Twenty-Second Sunday in Ordinary Time – Cycle B
Reflecting on Mark 7: 1-8, 14-15, 21-23
Whenever I hear this challenging gospel I think of the 2001 movie, A Beautiful Mind. It tells the shocking story of John Nash, Nobel Laureate in Economics, whose life is filled with interesting, companionable, sometimes frightening, but always utterly imagined friends. He is deeply schizophrenic, and we don’t realize that until certain revelations throughout the movie cause us to question who in his life actually exists.
He finally has victory over his illness by training his mind to ignore his hallucinations. Whenever he encounters his “friends,” he forces himself to ignore them. This is how I feel about Jesus’ admonition that those who harbor evil thoughts, as well as a number of deadly sins, are defiled. It’s what we’re thinking about on the inside that corrupts us and makes us sad. I try to train my brain to forgive the irritating behaviors of people around me, as they forgive my own.

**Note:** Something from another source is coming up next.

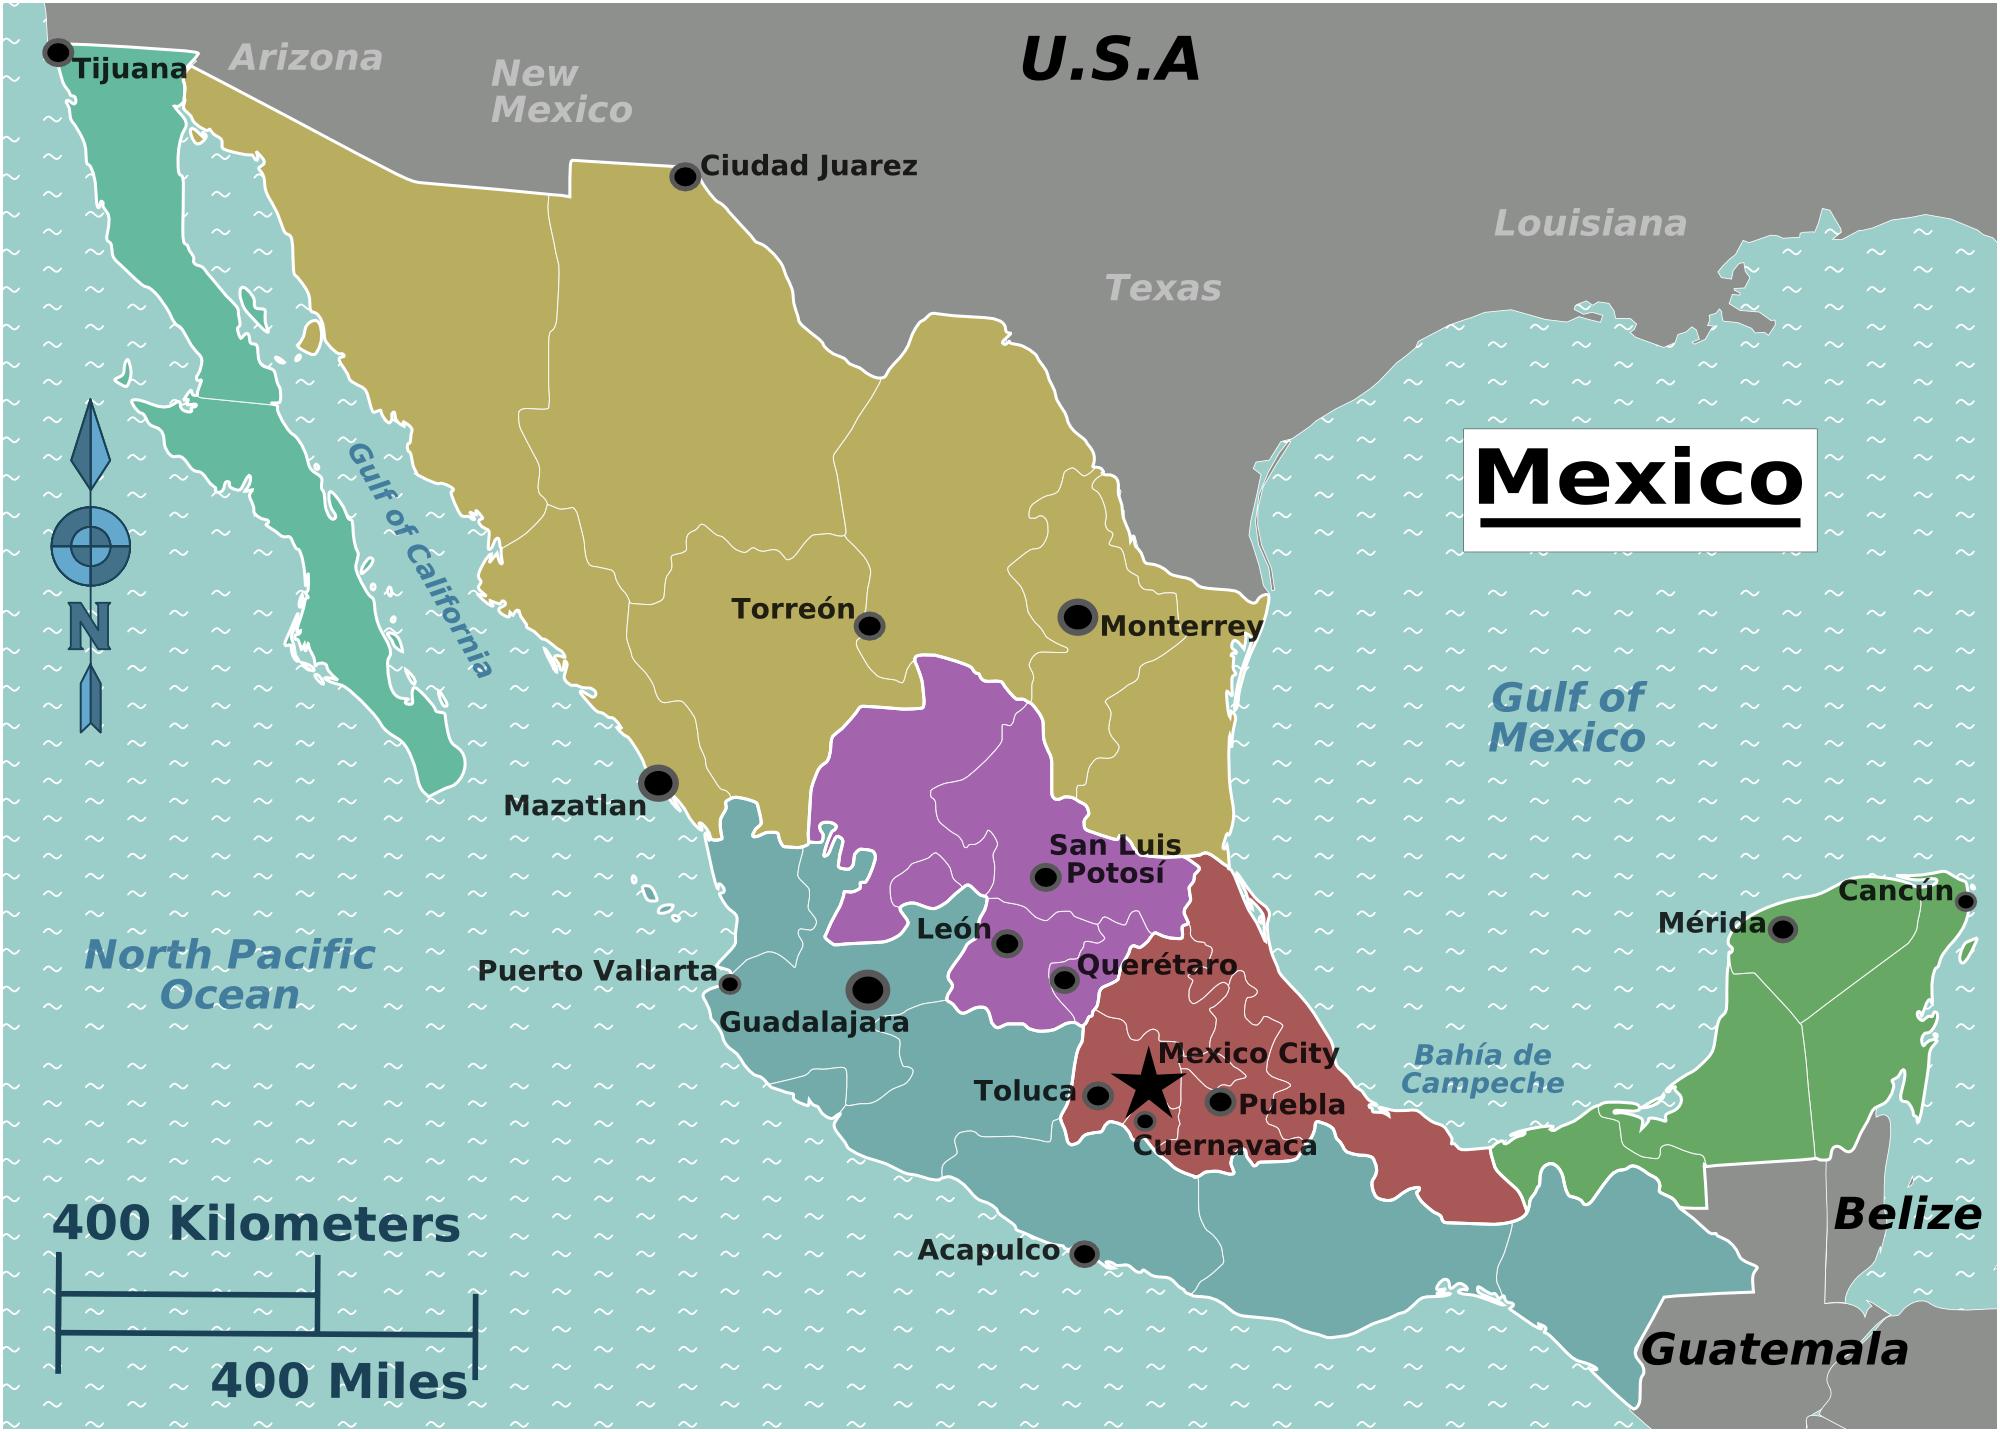 mexiko weltkarte Landkarte Mexiko (Überischtskarte) : Weltkarte.  Karten und  mexiko weltkarte

Think about gossip. Isn’t it delicious to hear something unsavory or scandalous about someone? It’s especially precious if it’s about someone we know, and even better if it’s about someone who has, in the tiniest ways, hurt our feelings at some point in the past. Then—yippee!—we hear something uncharitable about them, and we start marinating that news over and over in our hearts. We ruminate and luxuriate in it, and, soon enough, we are defiled with the spiciness of sweet revenge.
And it is sweet, for a minute. But in the end it makes us less. I want what’s going on in my brain to match the person I present to the world, especially since that’s the brain that asks for Jesus’ mercy every day.
What uncharitable thoughts are you training your brain to ignore?